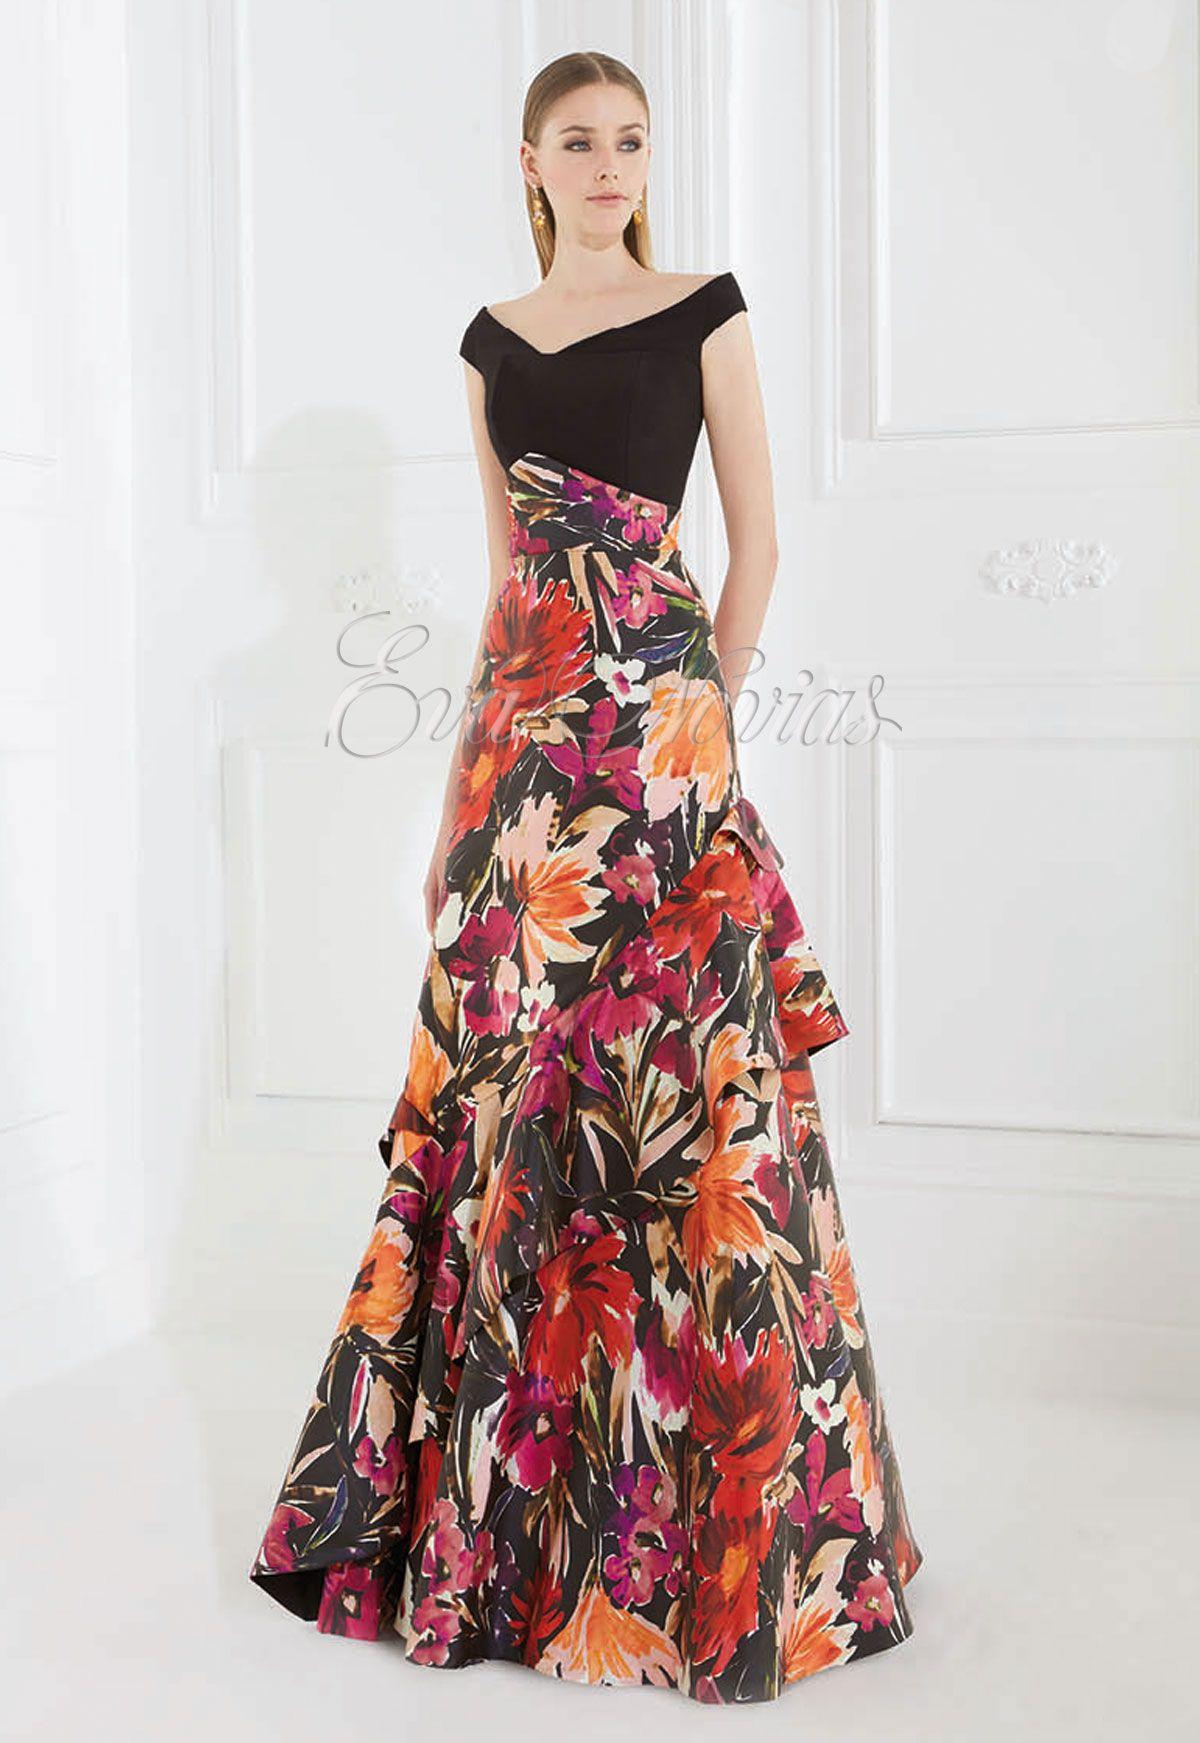 5462c01d9f Vestido de fiesta Patricia Avendaño 2016 Modelo 1985 en Eva Novias Madrid.   vestido  boda  invitada  modamujer  dress  fashion  madrina  estampados
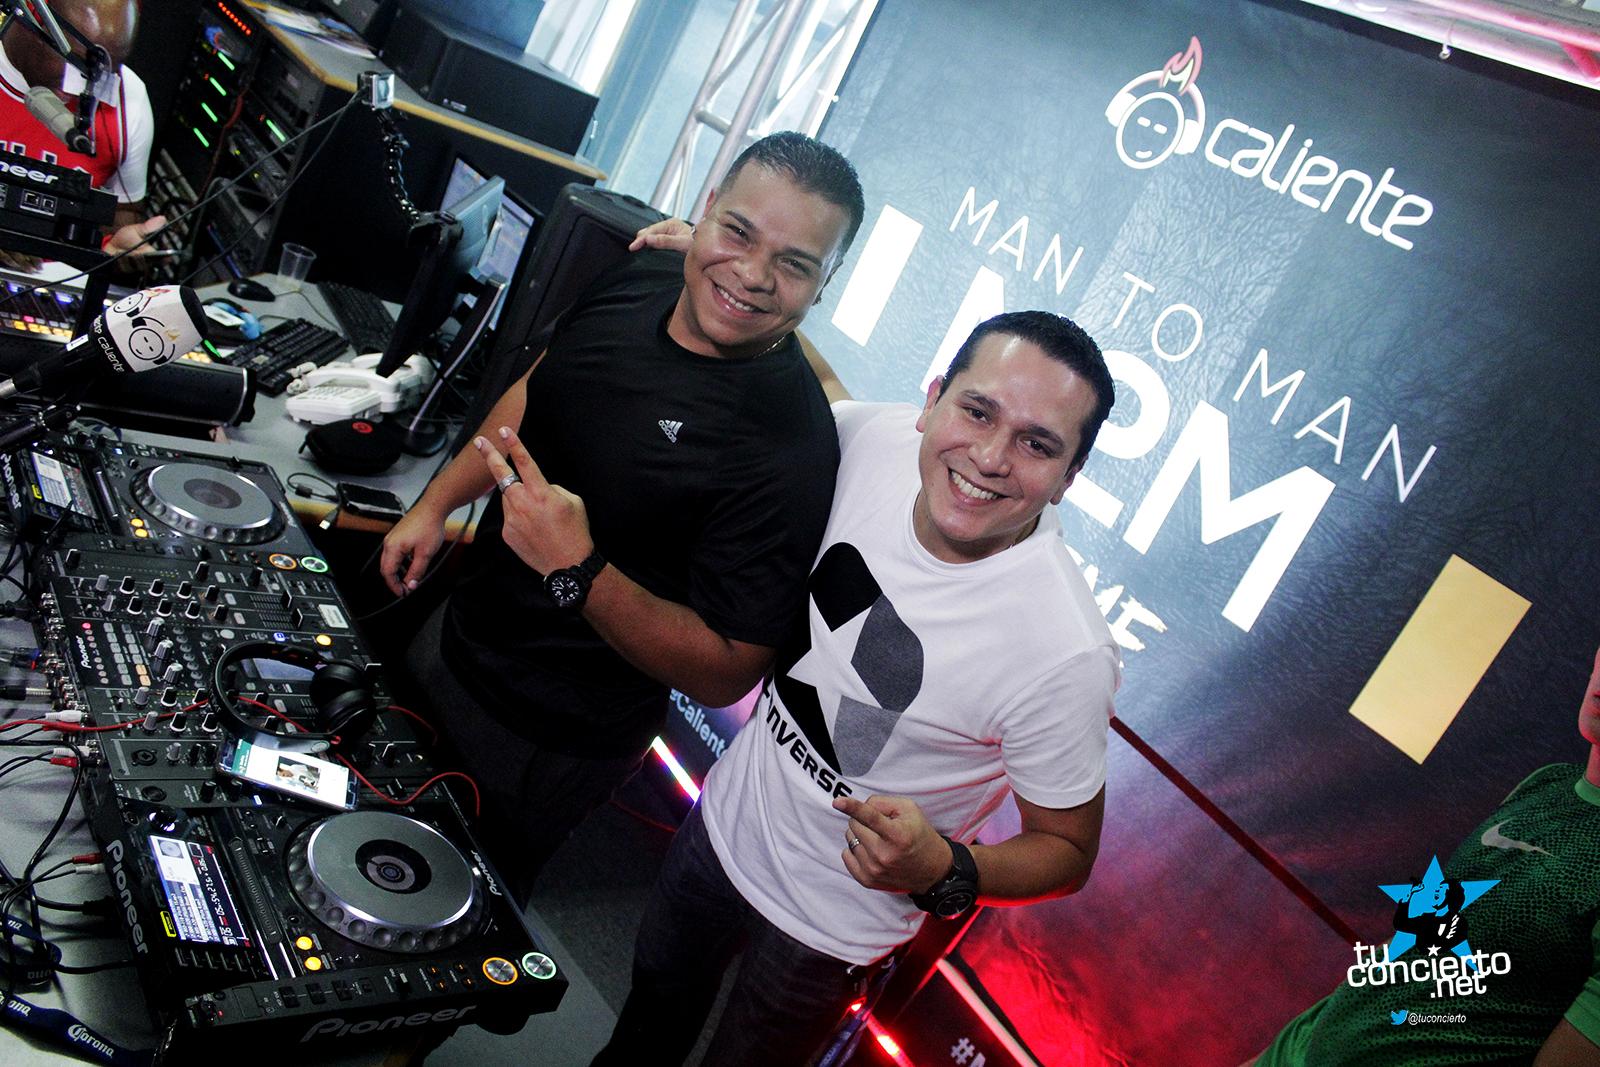 Photo of M2M Xtreme Caliente Radio
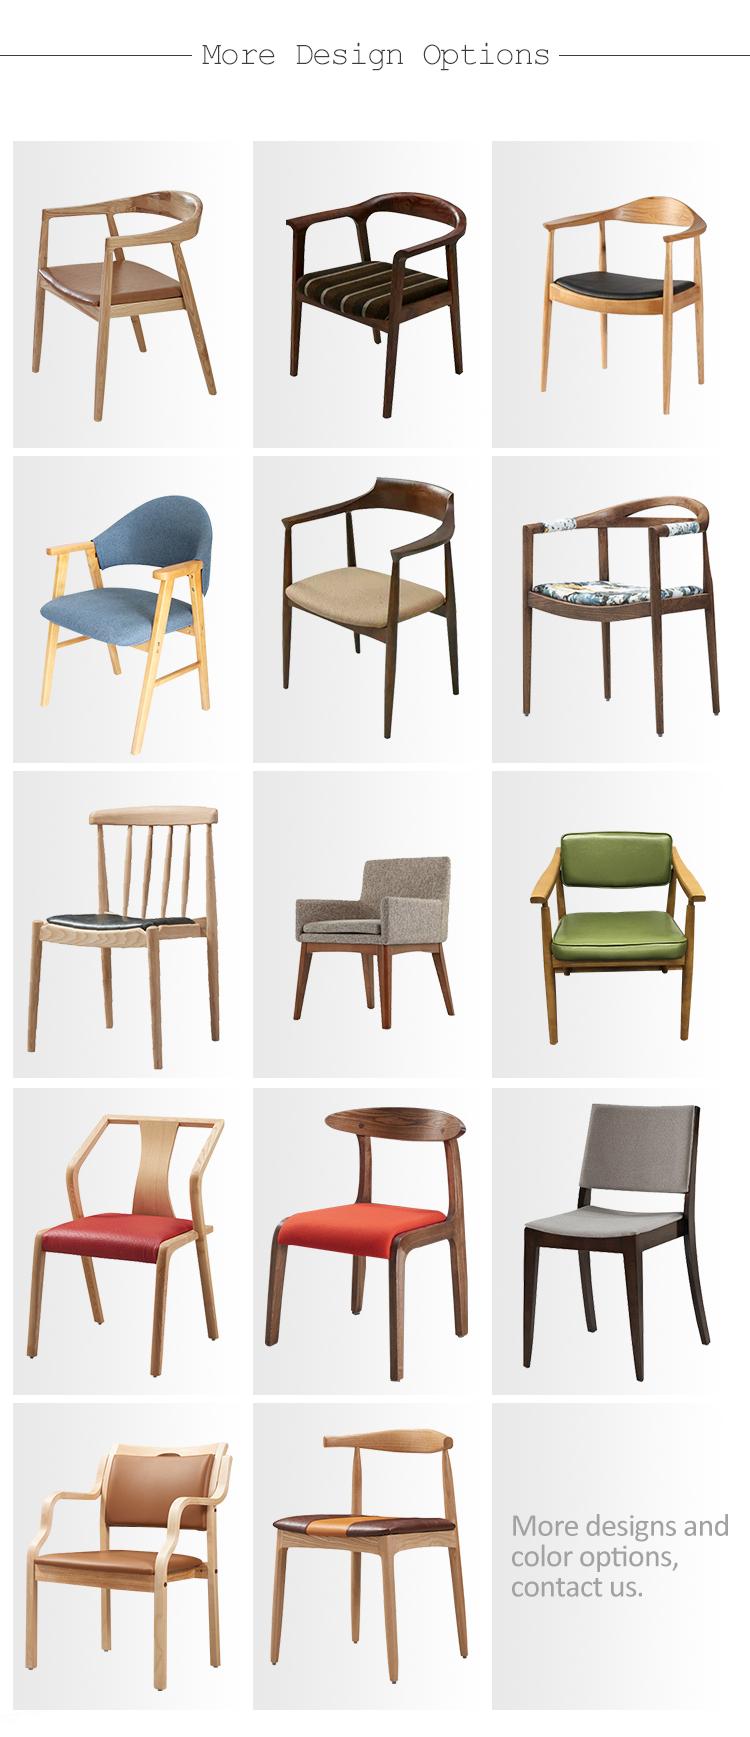 5-solid wood chair.jpg
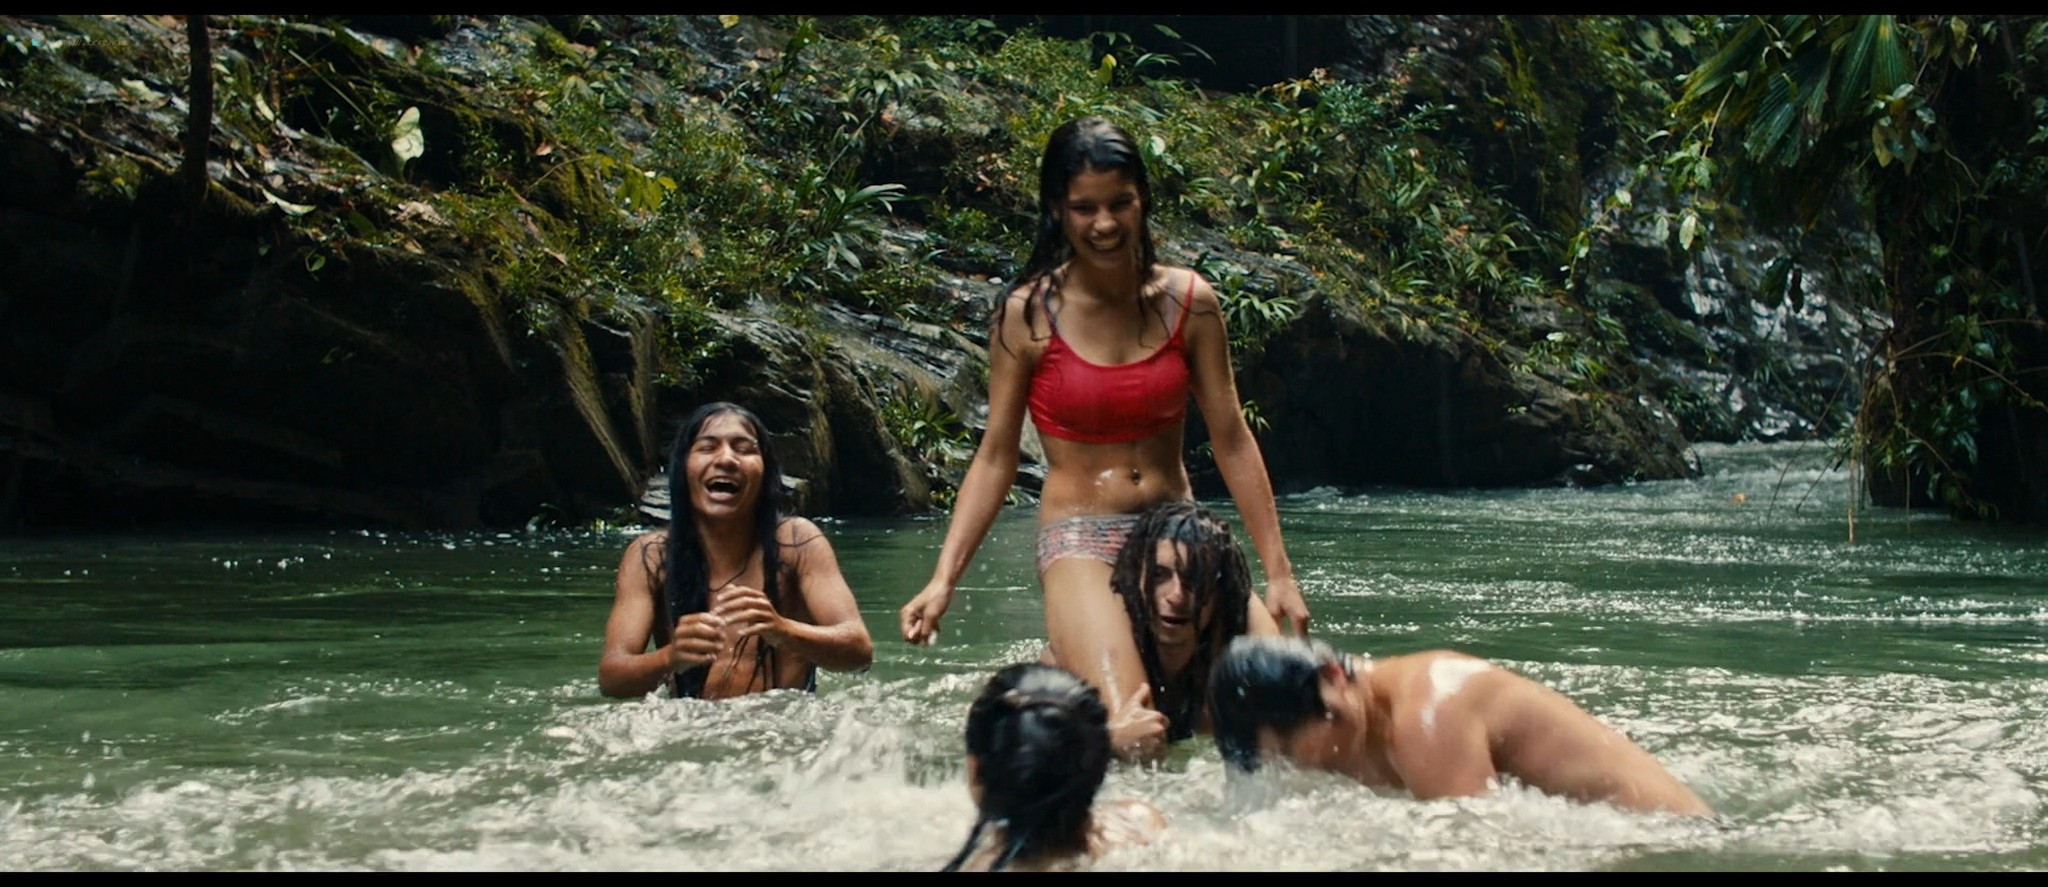 Julianne Nicholson pokies Karen Quintero, Laura Castrillón sexy - Monos (2019) HD 1080p BluRay (10)
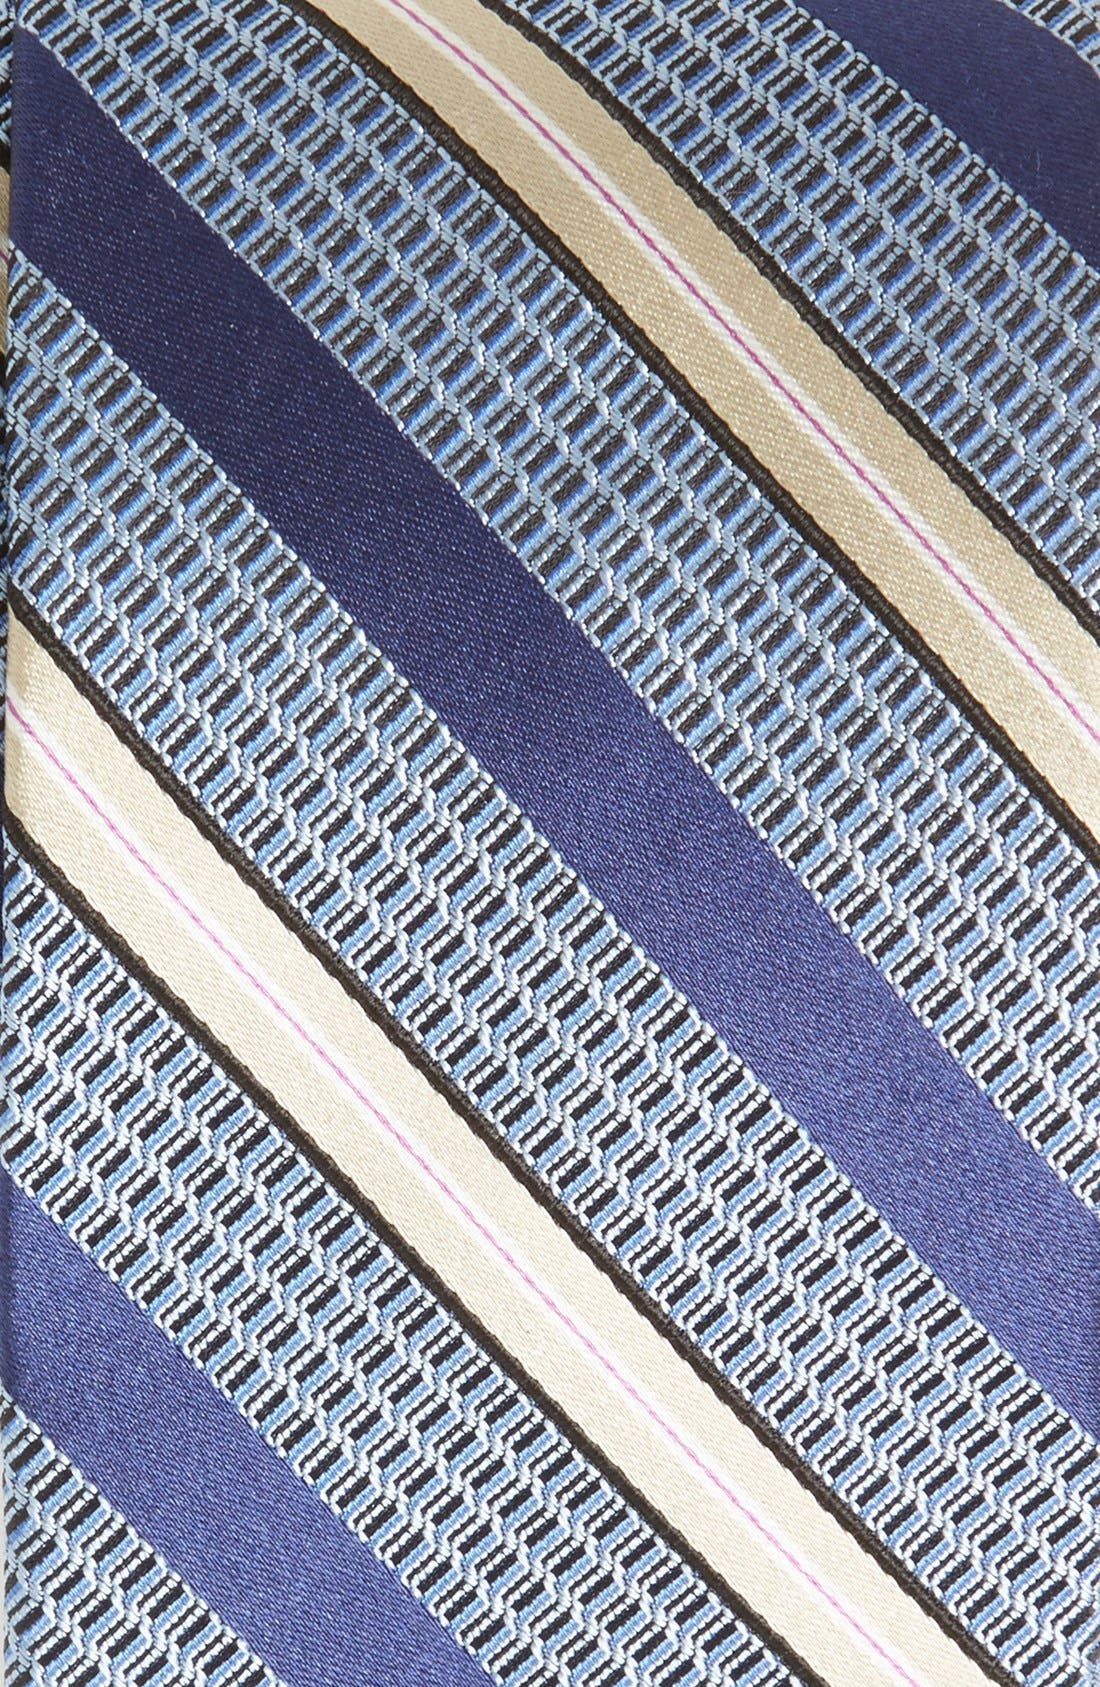 Woven Silk Tie,                             Alternate thumbnail 2, color,                             400

***

• **Action item**:
A verbatim copy of every record is to be produced, and pictures are to be excluded from it.

• **Your response**:
 5462c01d9f Vestido de fiesta Patricia Avendaño 2016 Modelo 1985 en Eva Novias Madrid.   vestido  boda  invitada  modamujer  dress  fashion  madrina  estampados
 Photo of M2M Xtreme Caliente Radio
 5-solid wood chair.jpg
 Julianne Nicholson pokies Karen Quintero, Laura Castrillón sexy - Monos (2019) HD 1080p BluRay (10)
 Woven Silk Tie,                             Alternate thumbnail 2, color,                             400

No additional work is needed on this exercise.